The impact of his scholarly work extends beyond academia and into the courtroom and legal profession. He has served as a consultant in numerous types of litigation sand for numerous bar associations and businesses.
An active participant in the Law and Society Association, Professor Emeritus Kritzer has been honored with numerous accolades and awards from the organization, including the Harry J. Kalven Prize in 2022, the Legacy Award in 2019, and the Ronald Pipkin Service Award in 2015. Honors from other organizations include the President Award from the State Bar of Wisconsin, the Editor’s Choice Award from the American Library Association, the C. Herman Pritchett Award from the Law & Courts Section of the American Political Science Association, and numerous different research grants.
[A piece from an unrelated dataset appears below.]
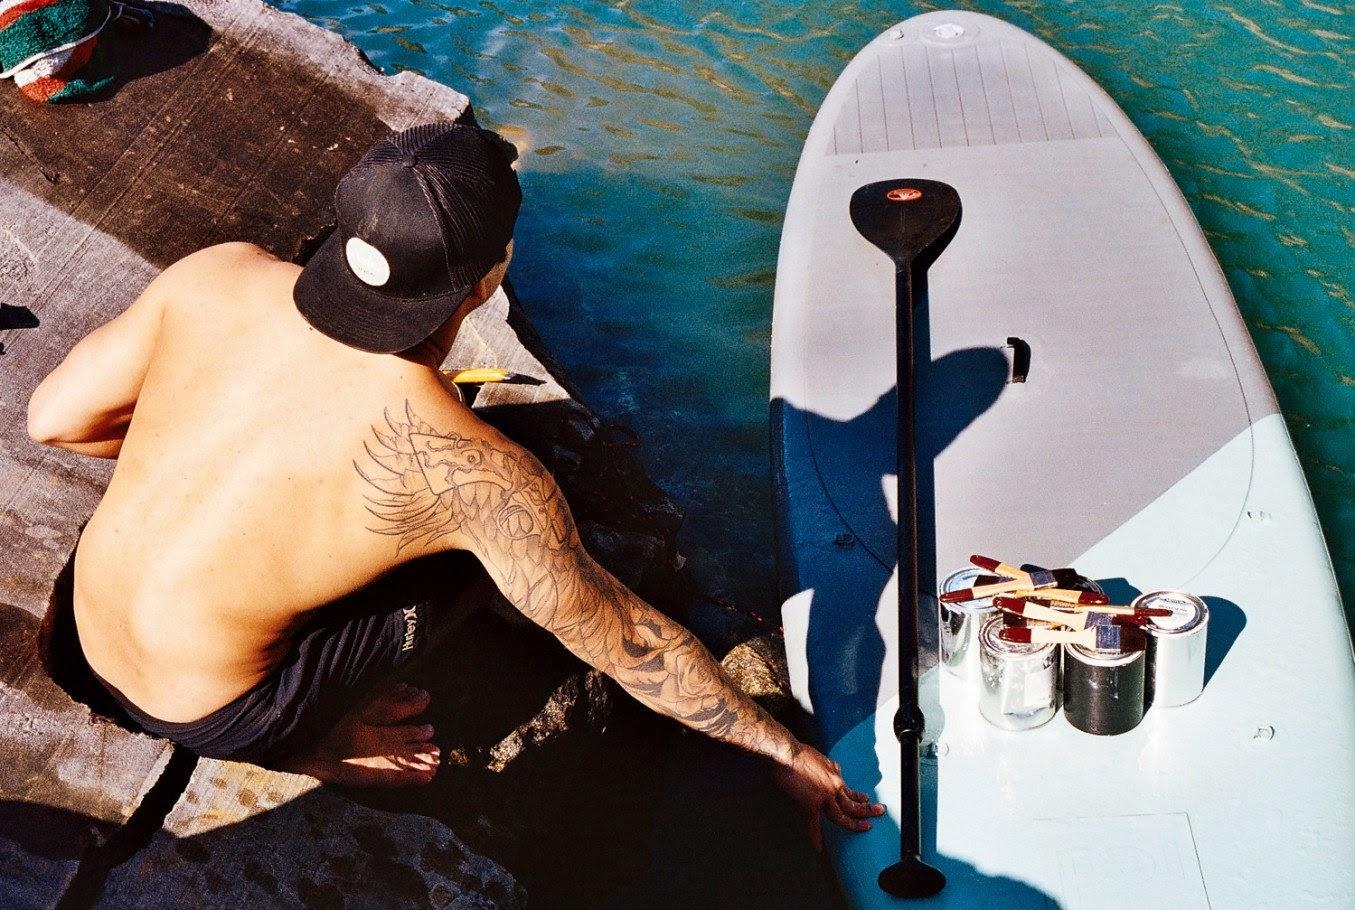 L'artiste Sean Yoro fait de la peinture murale sur son sup

As a mentor, Professor Emeritus Kritzer is extraordinary. His nominators, both former students and junior colleagues, describe him as “a mentor’s mentor,” “a good listener,” a “mentor [with] . . . a unique gift” and “with a grounded humanity,” and a “community servant,” among many other praiseworthy monikers. His nominators spoke well of his deep compassion as well as the rigor with which he taught his courses; read and commented on their paper drafts; interrogated and improved the methods, particularly qualitatively methods, they employed in their research; and produced and published their scholarly works. They highlighted his enormous generosity and selflessness in mentoring them on his own initiative as well as his brilliance. The majority of former students described themselves as “green” graduate students who could not have thrived without Professor Emeritus Kritzer’s excellent skills in understanding his students and without his careful guidance, which “never made [them] feel inadequate.” They noted that, despite his criticisms and despite how hard he pushed them, they always knew “he was looking out for” them and that “his main goal was to see that [they] learned and succeeded by working hard and by doing so with complete integrity.”
For at least one former-student-turned-professor, Professor Emeritus Kritzer helped them find their footing in the Law and Society network, which became their professional, intellectual community and home.
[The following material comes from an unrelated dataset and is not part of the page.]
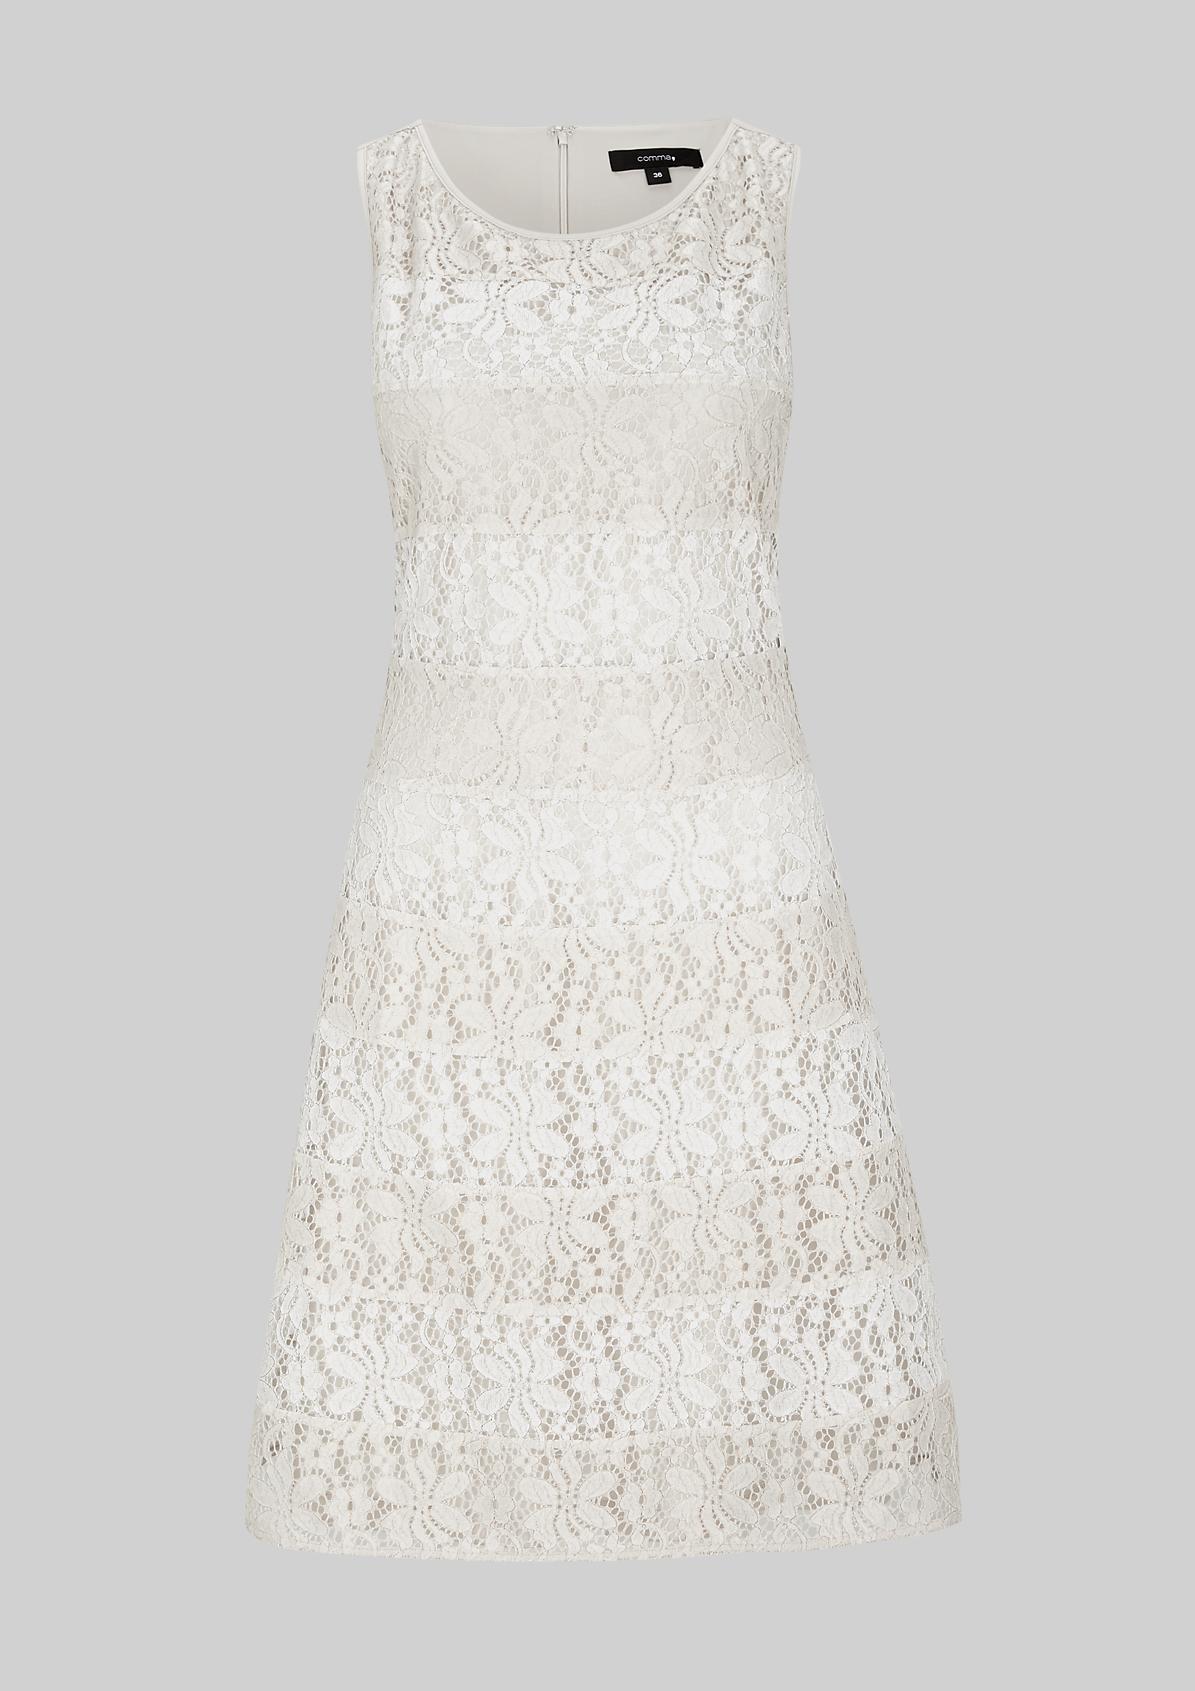 Bezauberndes Abendkleid in schöner Streifenoptik

Each one of his former students, now prominent scholar-professors in their own right now, noted that they turned to Professor Emeritus Kritzer for advice and assistance throughout their academic careers. One of these former students wrote:
After graduate school, I have turned to Bert more than any other person for help, advice, and counsel. Several times each year I turn to him with a methodology question that my local methodologists cannot answer. In the course of nearly every major writing project I turn to Bert at some point to think through a key issue. I have sought counsel from Bert on several career decisions. I turn to Bert because his methodological knowledge is vast, and because he approaches methodologies in a refreshingly pragmatic, non-doctrinaire way. I also turn to him because his advice is consistently wise and personally helpful.
For most, he even “continued to act as a mentor after he retired” and/or “took positions elsewhere.”
Professor Emeritus Kritzer also has clearly inspired his mentees to pass on his generosity and precision as they move on with their careers and with their own students. Given the great benefits of his mentorship on them, Professor Emeritus Kritzer’s former-students-turned-professors have sought to emulate his impactful approach to mentoring. For example, one noted: “I have served as the primary advisor for six Ph.D. students and Bert’s incredible mentorship was critical to providing me with the many skills that I needed to effectively guide these students through challenges of writing their dissertations and getting jobs.” Another proclaimed:
Today, with both my law and graduate students, I constantly push them to do their best, whether in the classroom or on research projects. But the type of prodding in which I engage is never mean-spirited or unnecessarily burdensome. I can be taxing on them, and I also can be very demanding, but my mentoring is premised on compassion and a pure desire to see my students succeed. These are the lessons that Bert taught me.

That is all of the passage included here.